Second, the U.S. should leverage partnerships to maximize impact. American government ought to rely on multiple cross-national or public-private partnerships to make the best of limited resources. A good example is the Trilateral Infrastructure Partnership (TIP) that aligns America, Japan, and Australia to construct ICT infrastructure in Oceania. Another example is a mega project collaborated by Chile, Google, and the U.S. to construct a high-speed subsea cable that links Australia, French Polynesia, and South America.

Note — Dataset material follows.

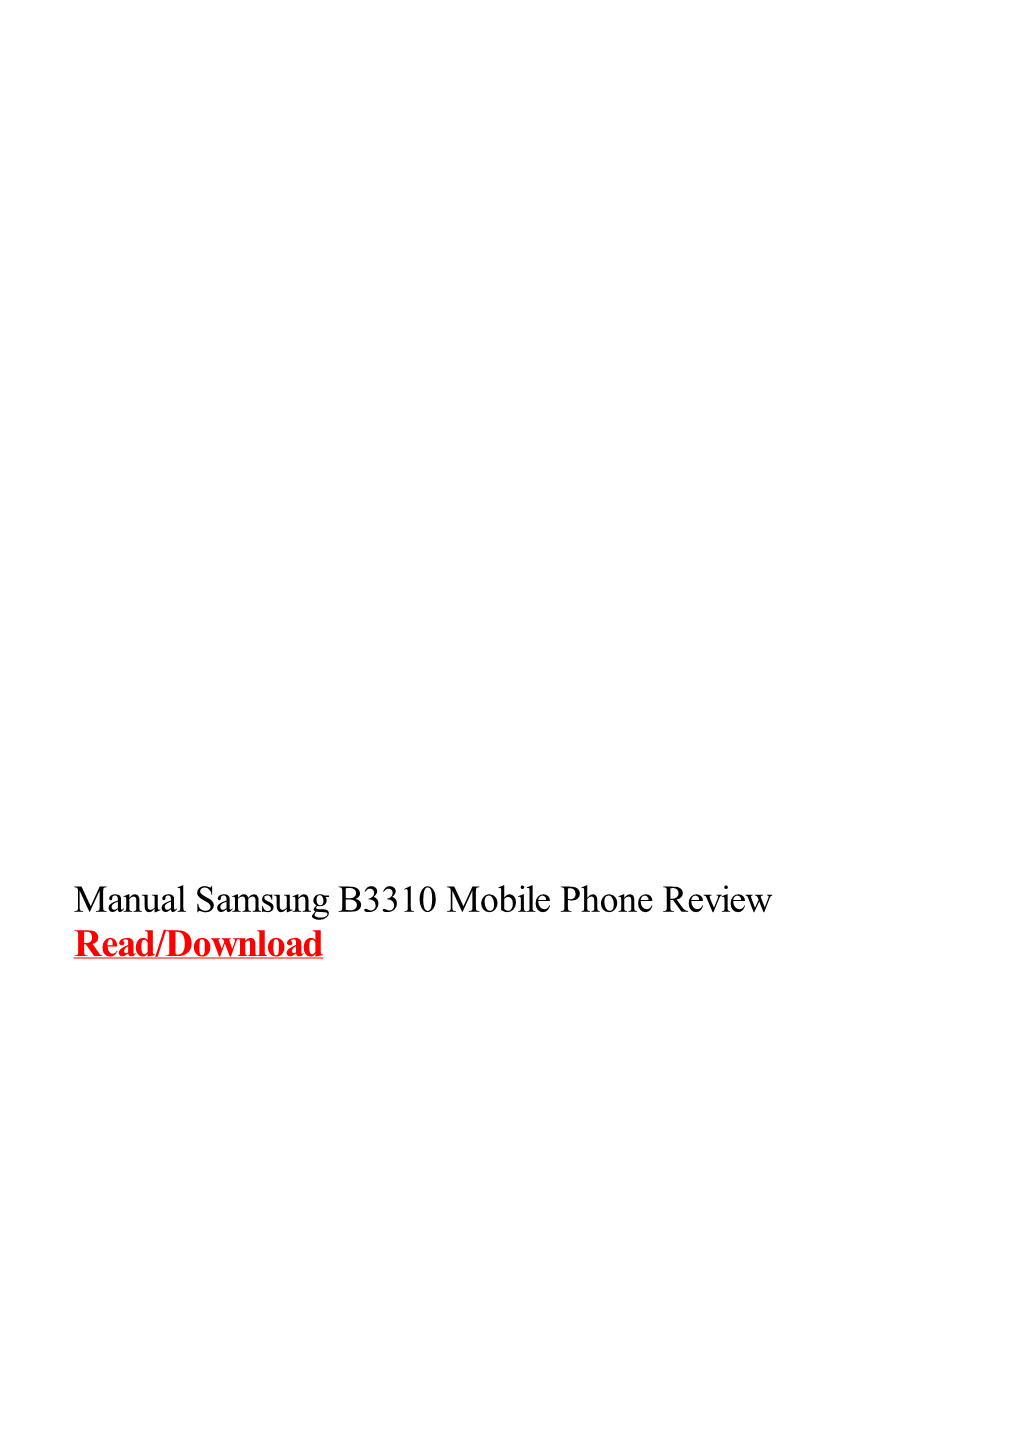 Manual Samsung B3310 Mobile Phone Review
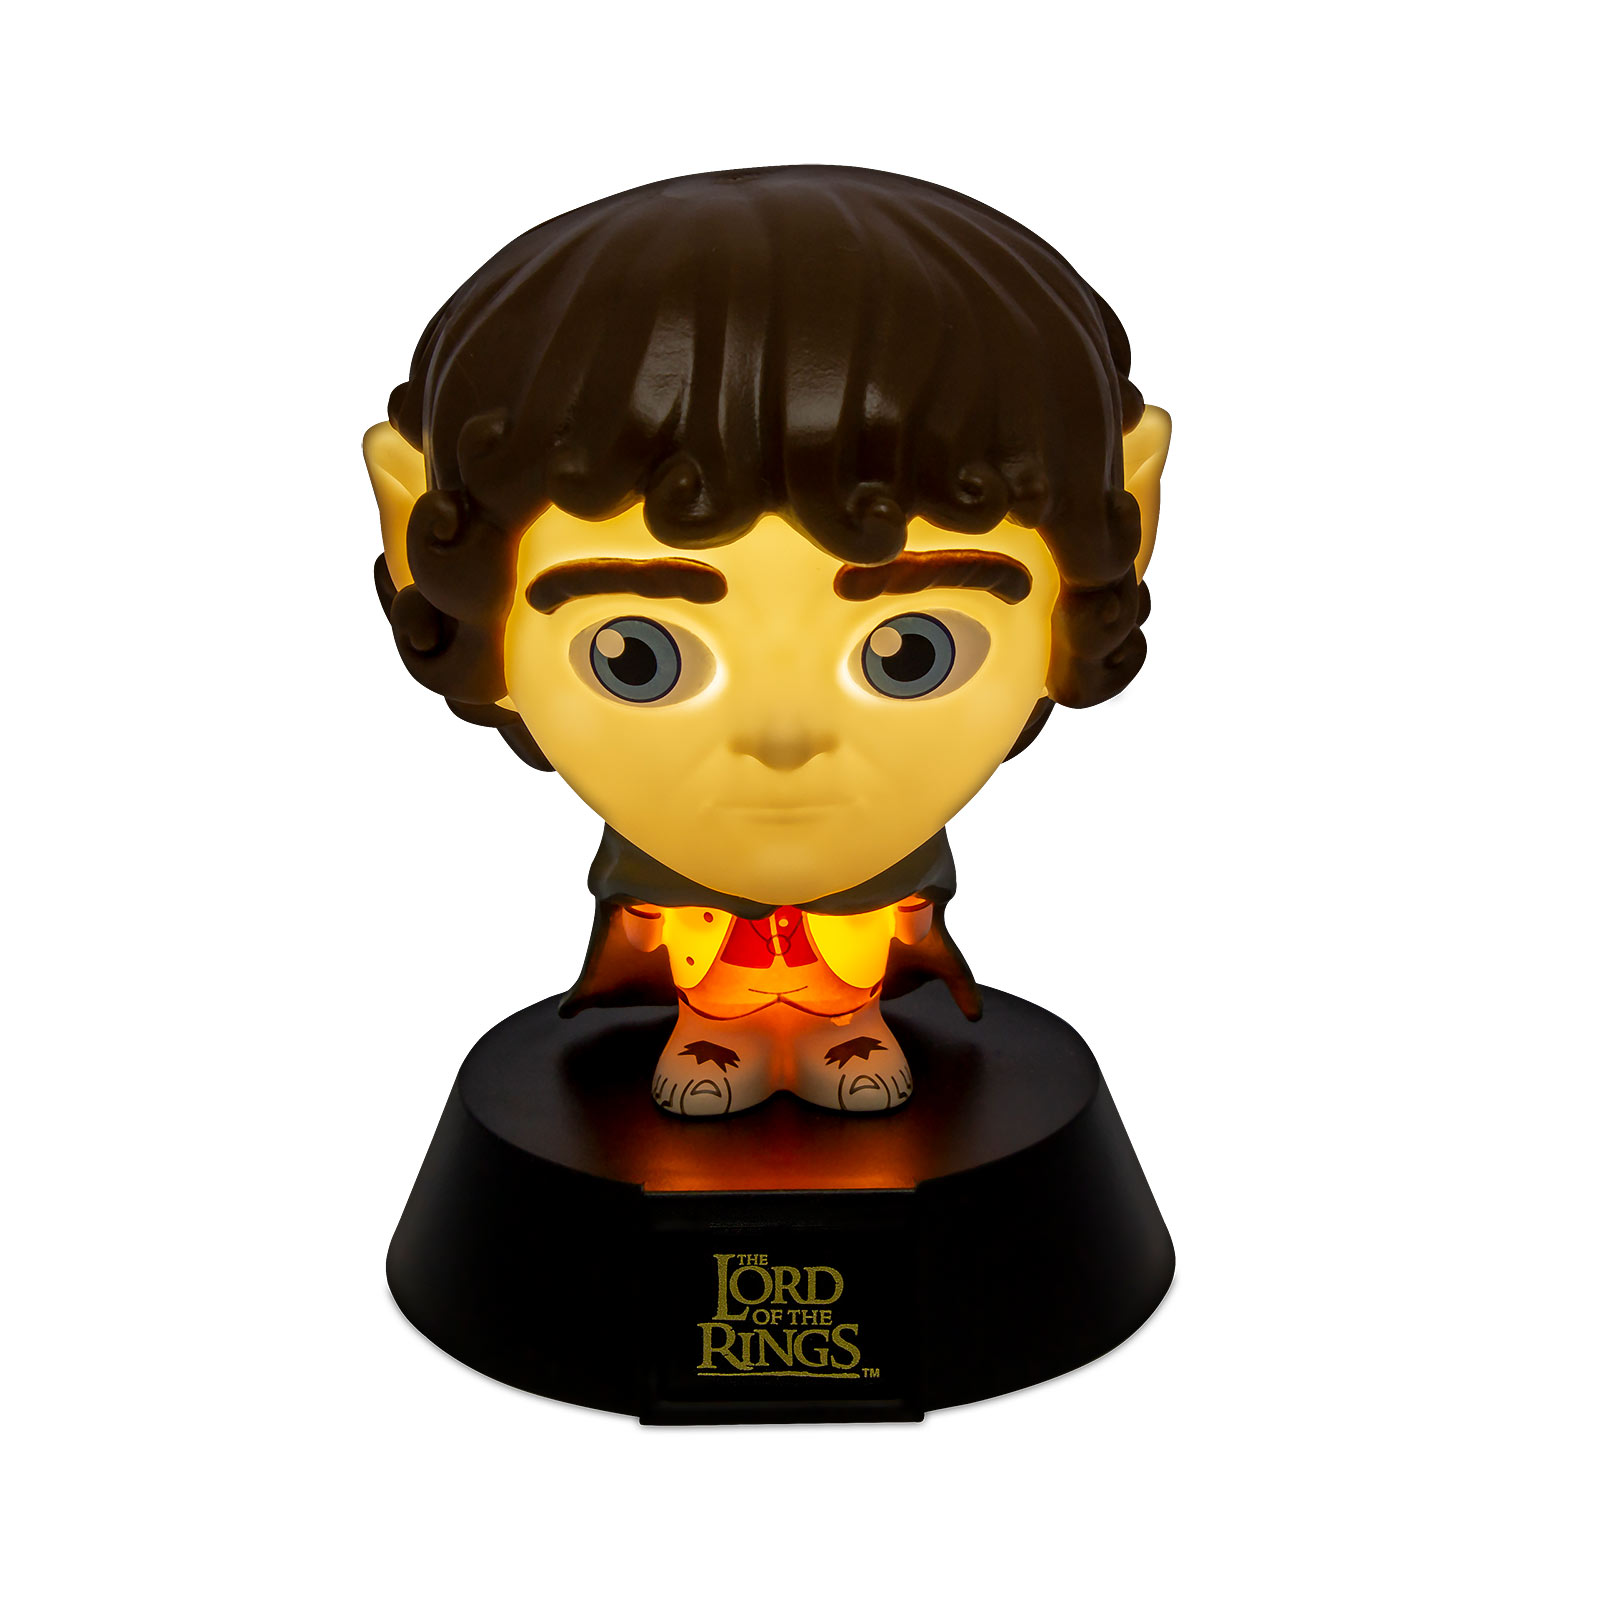 Herr der Ringe - Frodo Icons 3D Tischlampe

In addition, the U.S. should support and reinforce allies’ parallel initiatives, such as the EU’s “Global Gateway” in connectivity projects that seeks to contend with China’s Belt and Road Initiative, or the “EU-LAC Digital Alliance High-Level Policy Dialogues on Connectivity and AI” that aims to promote digital transformation based on common values and shared interests among LAC countries.
Third, the U.S. should promote competition with China across the whole technology stack, thus bringing benefits to consumers and reducing China’s undue influence in the Global South. Washington should help American technology companies to compete with their Chinese counterparts like Huawei or ZTE in global markets, strengthen America’s advantages in cloud computing, and promote diffusion and adoption of American AI models. Washington should also take actions in global standards-setting processes to encourage adoption of norms and standards that match American values and help build a level global playing field. With regard to AI governance, Washington needs to take a multilateral approach and engage in global initiatives, such as the AI Safety Summits.
Just like the Cold War between America and Soviet Union, the new Cold War between America and China occurs across a broad spectrum: political, military, economic, technological, cultural, and ideological areas. What matters in both cold wars is America’s strong leadership and firm commitment. It is extremely urgent for American policymakers to map out a technological strategy that accommodates geopolitics and advances partnerships. It may not be possible to contain China on every technological battlegrounds, but the intensifying technological race demands America to take bold initiatives and engage with its allies to work out an action plan lest China shape how technology is adopted worldwide, especially in the Global South. As the authors wrote in the concluding remark, “ensuring technological competitiveness today strengthens technological leadership tomorrow.”